- EXERCISE DATA:
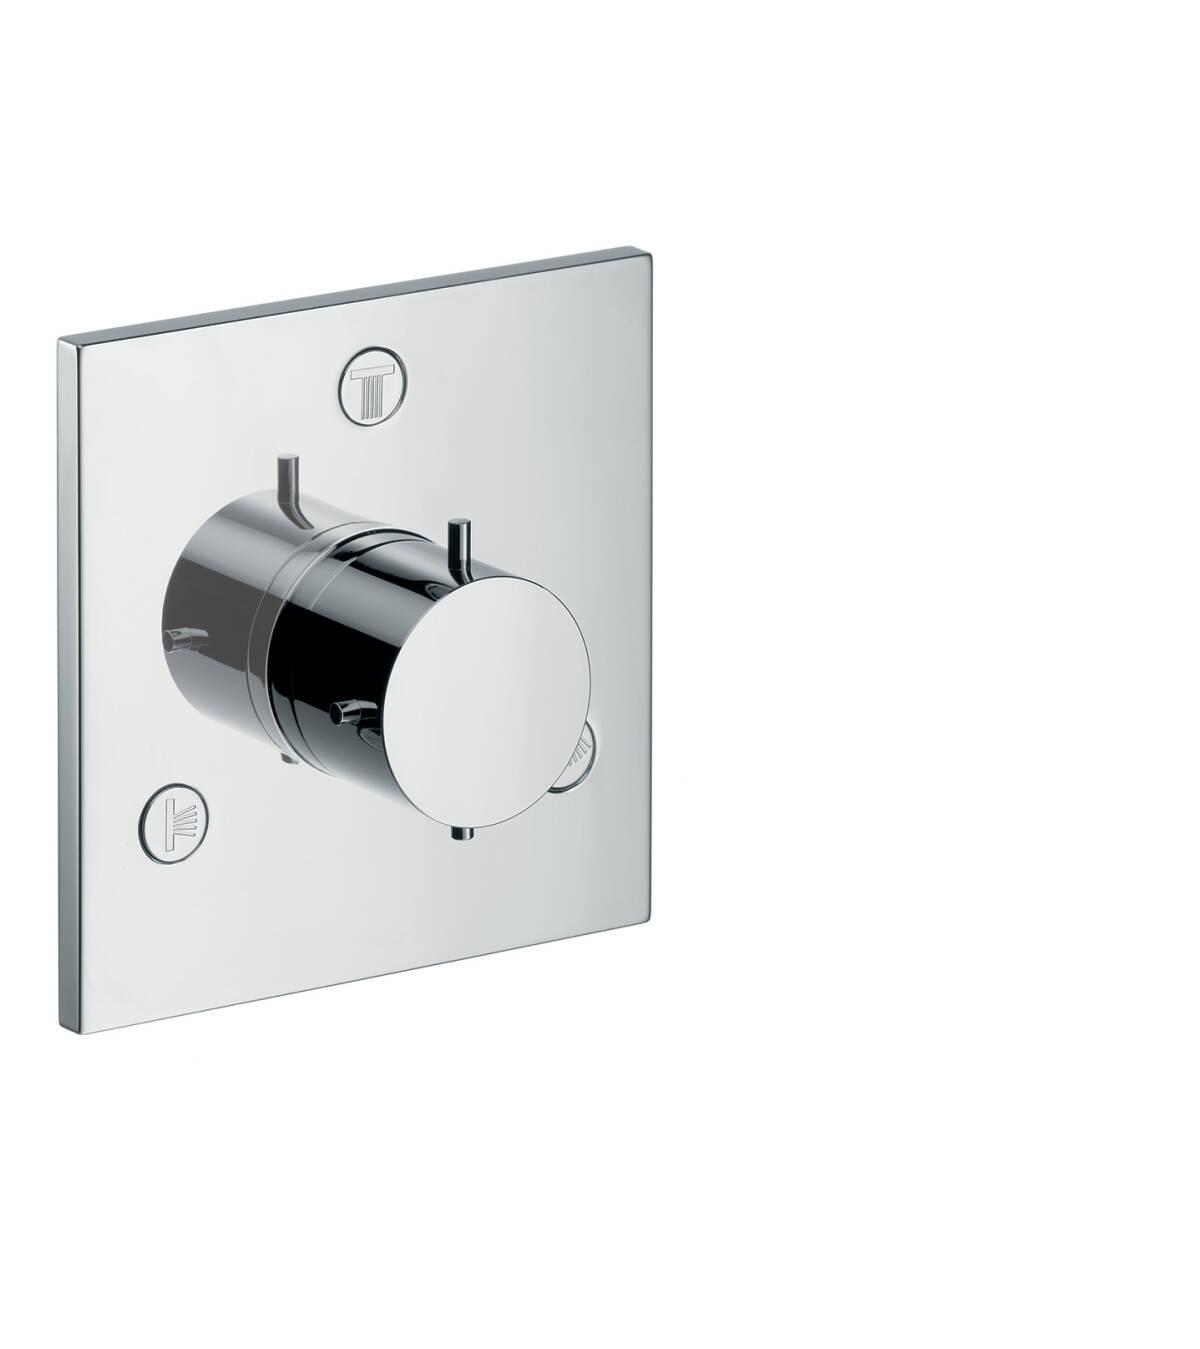 Shut-off/ diverter valve Trio/ Quattro for concealed installation, Brushed Chrome, 10934260
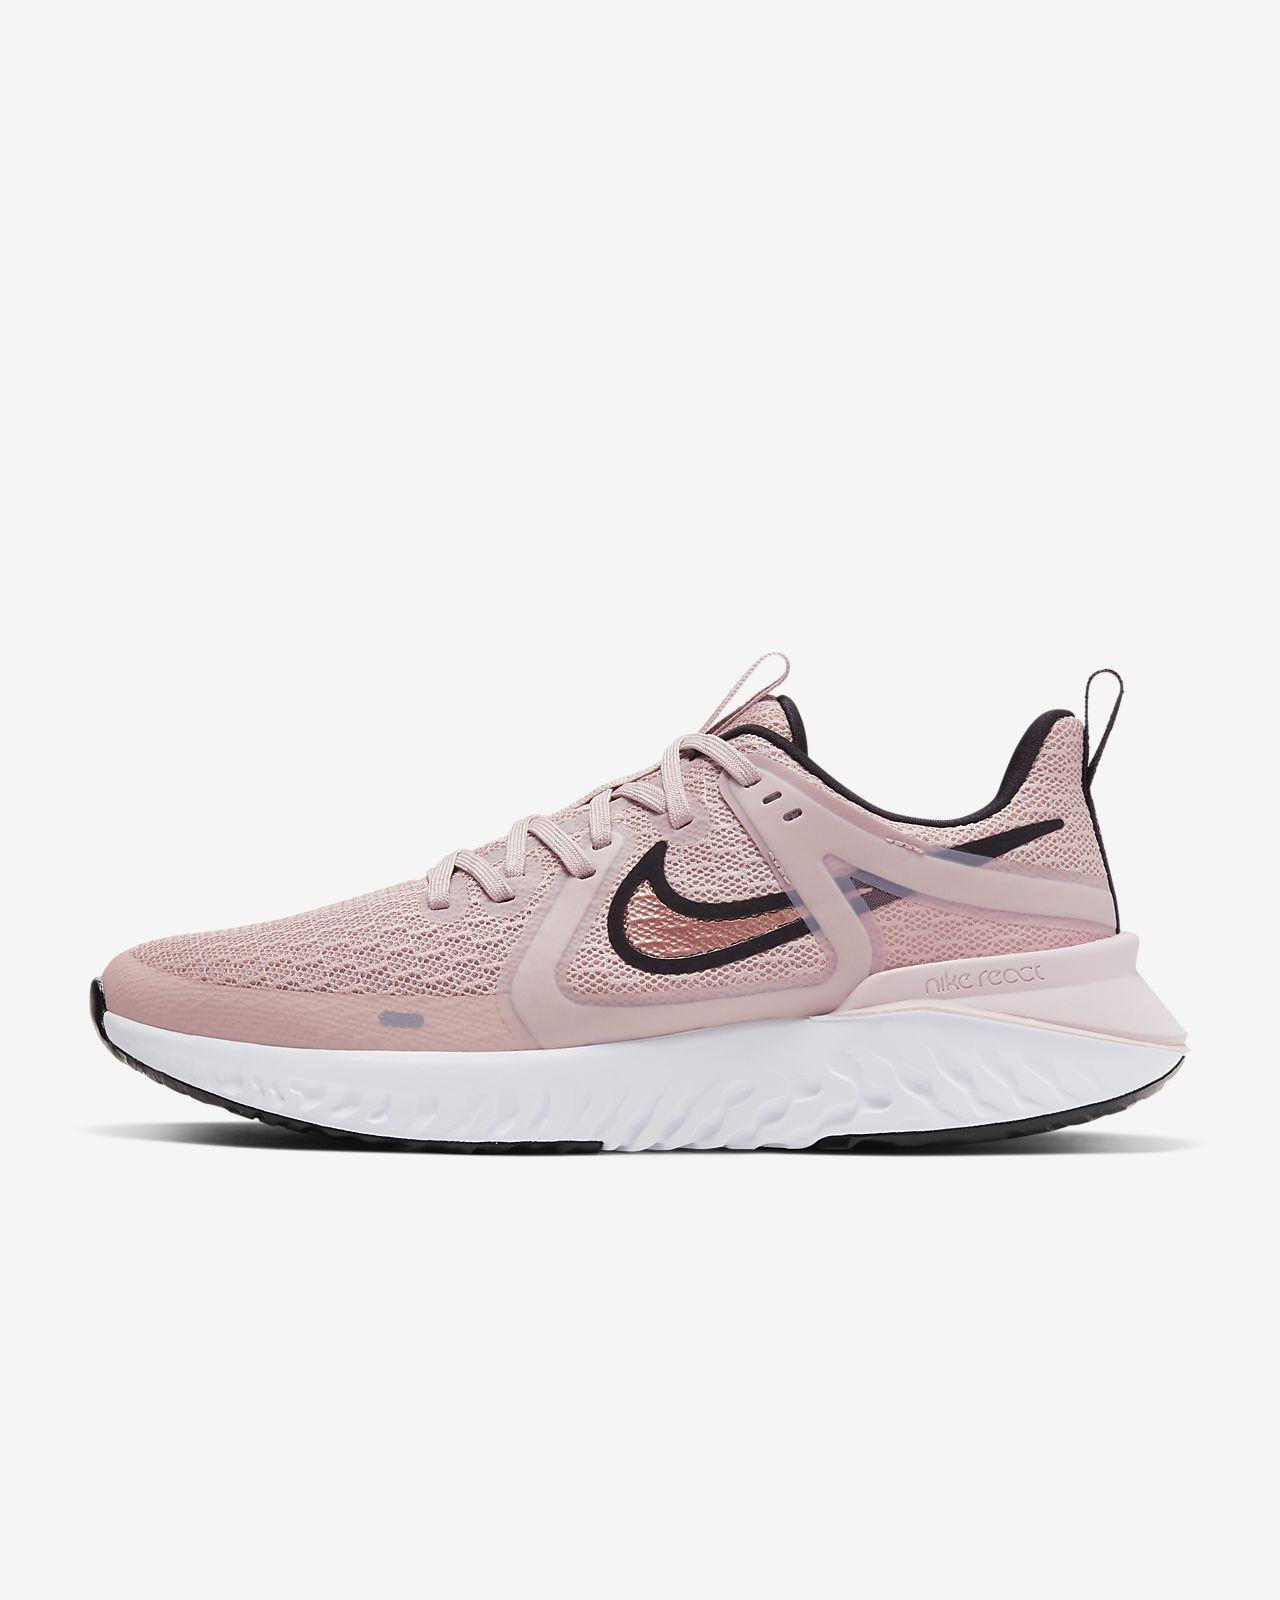 Sapatilhas de running Nike Legend React 2 para mulher
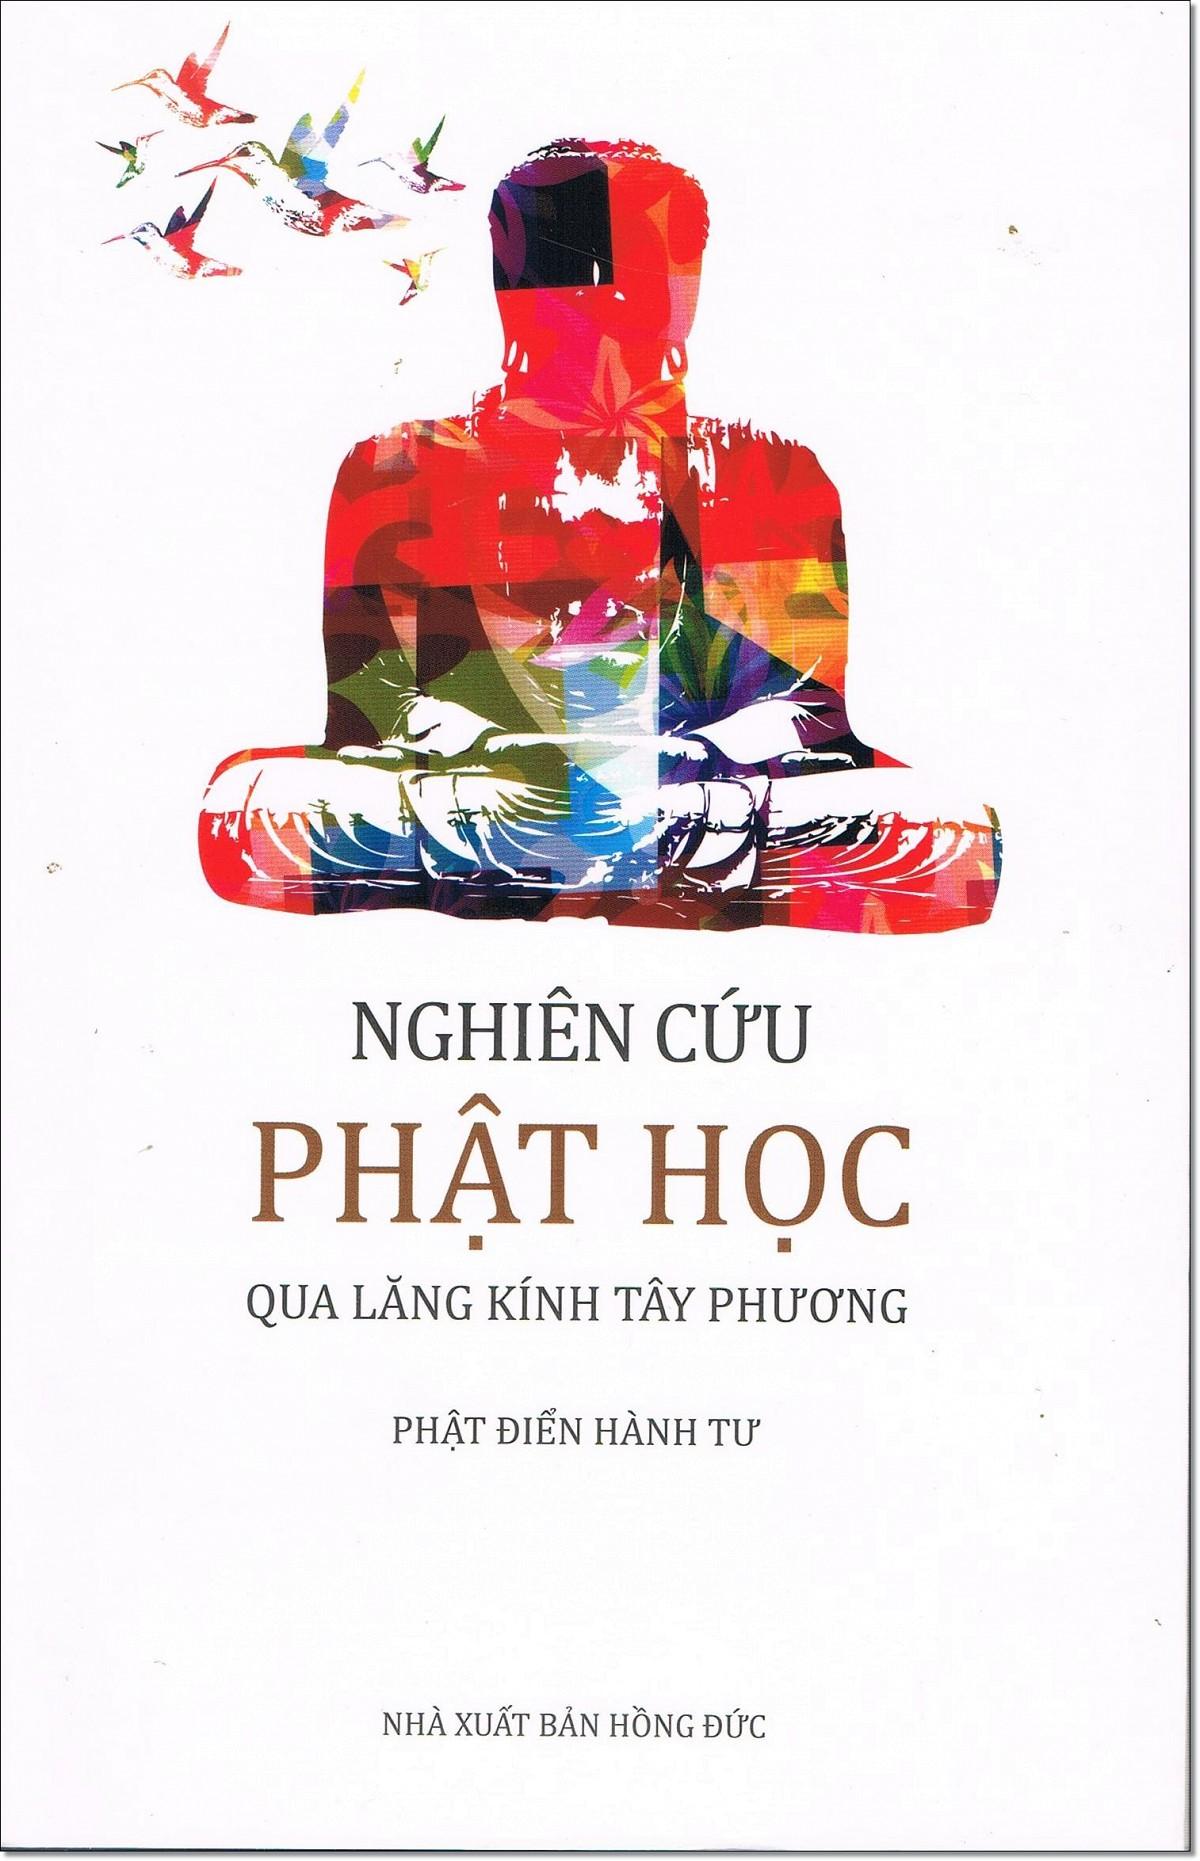 nghien-cuu-phat-hoc-qua-lang-kinh-tay-ph.u4939.d20170324.t112103.663072.jpg
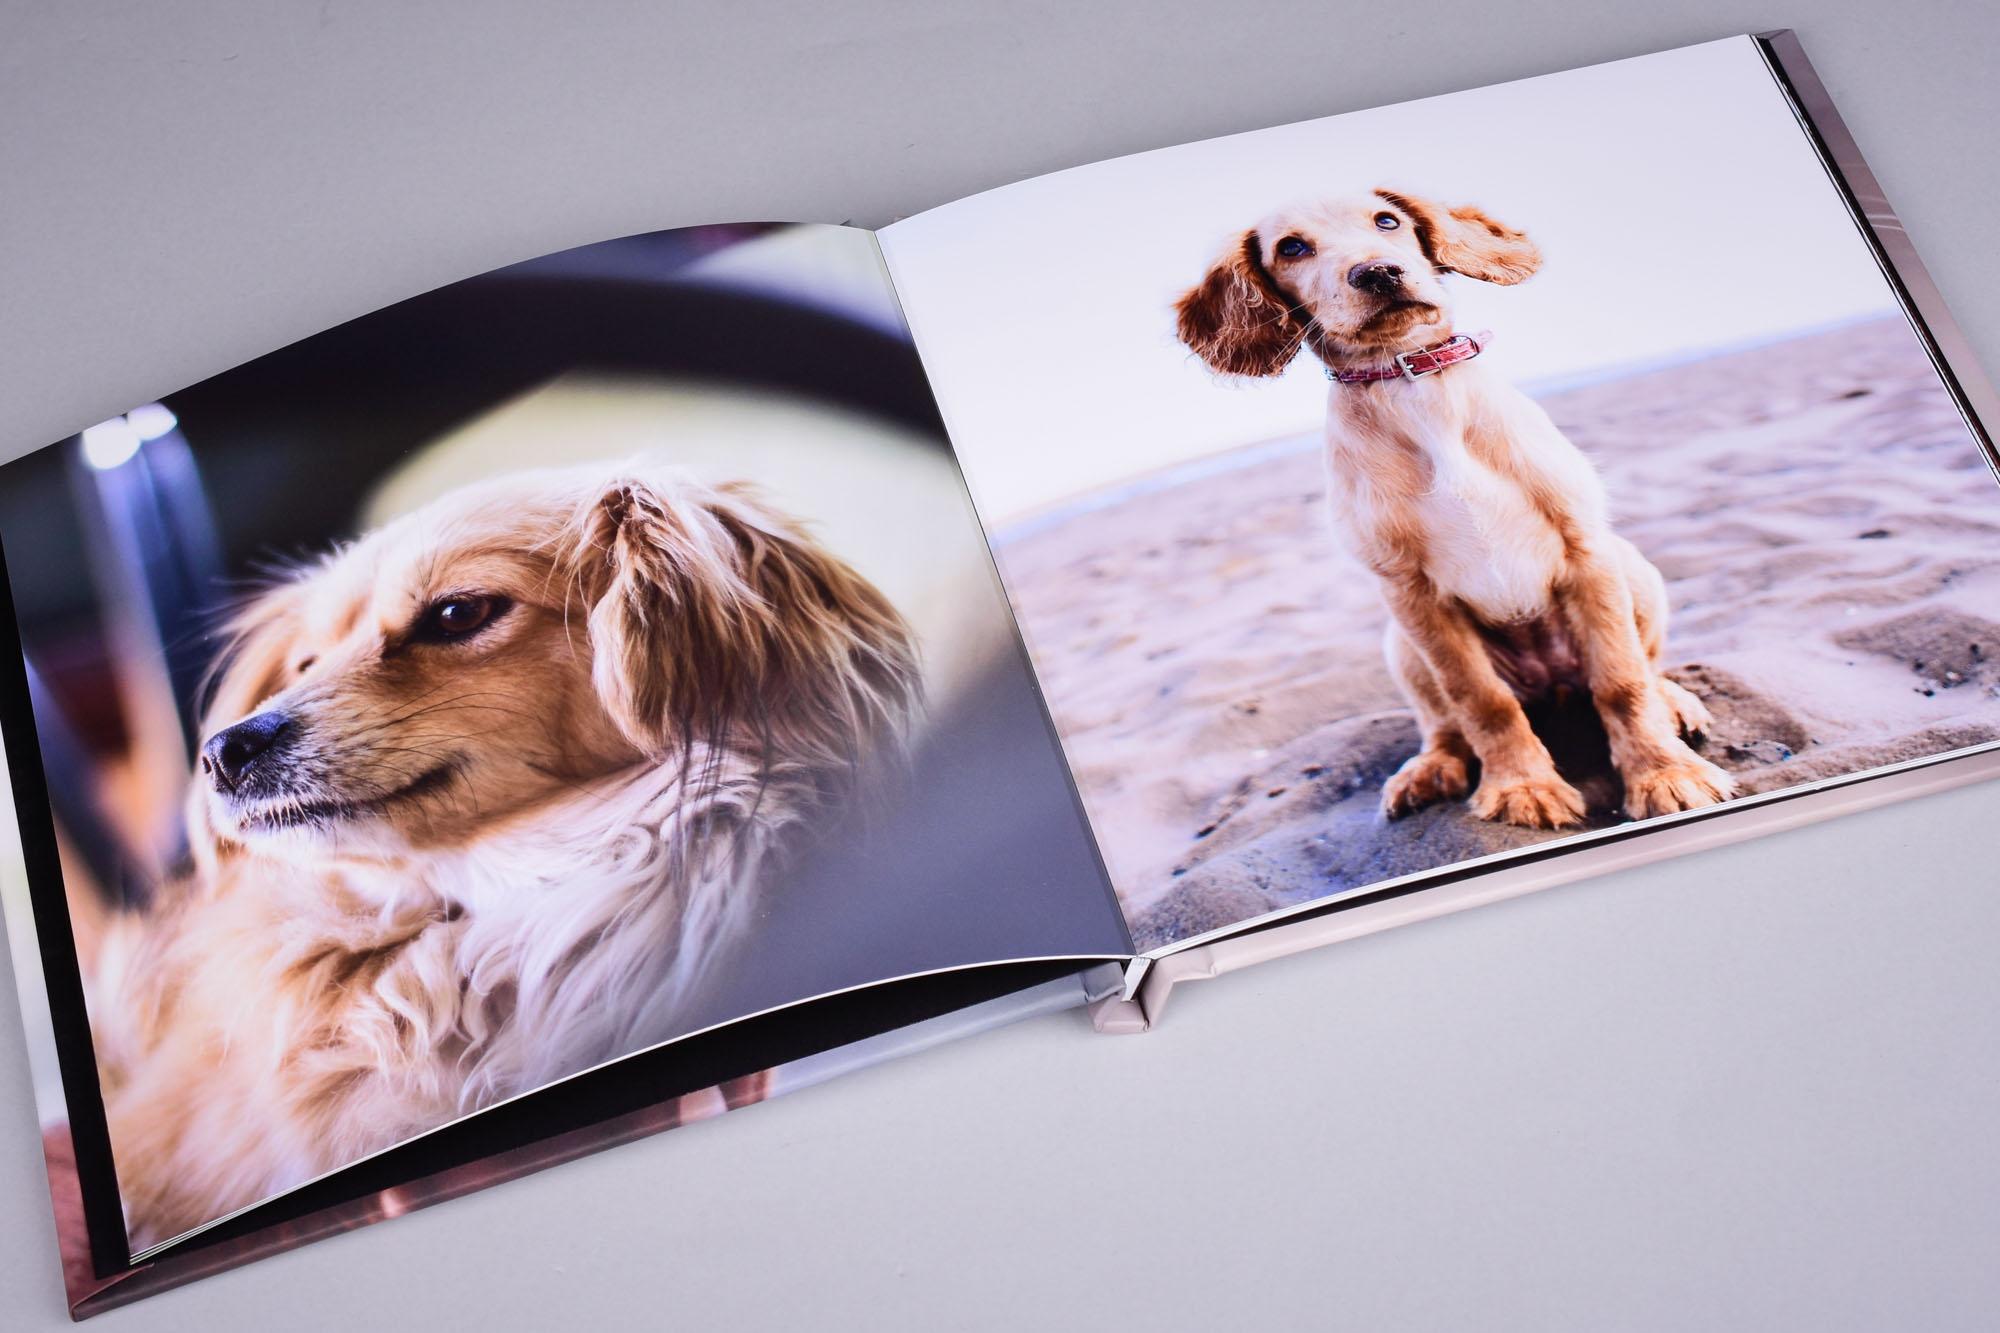 DreamBook 4K - Pet Photography

- WORK TASK:
Beginning with the line that contains "Sapatilhas de running", output each line of the material above through the last one exactly as it stands. Do not include the pictures.

- REPLY:
 Sapatilhas de running Nike Legend React 2 para mulher
 nghien-cuu-phat-hoc-qua-lang-kinh-tay-ph.u4939.d20170324.t112103.663072.jpg
 DreamBook 4K - Pet Photography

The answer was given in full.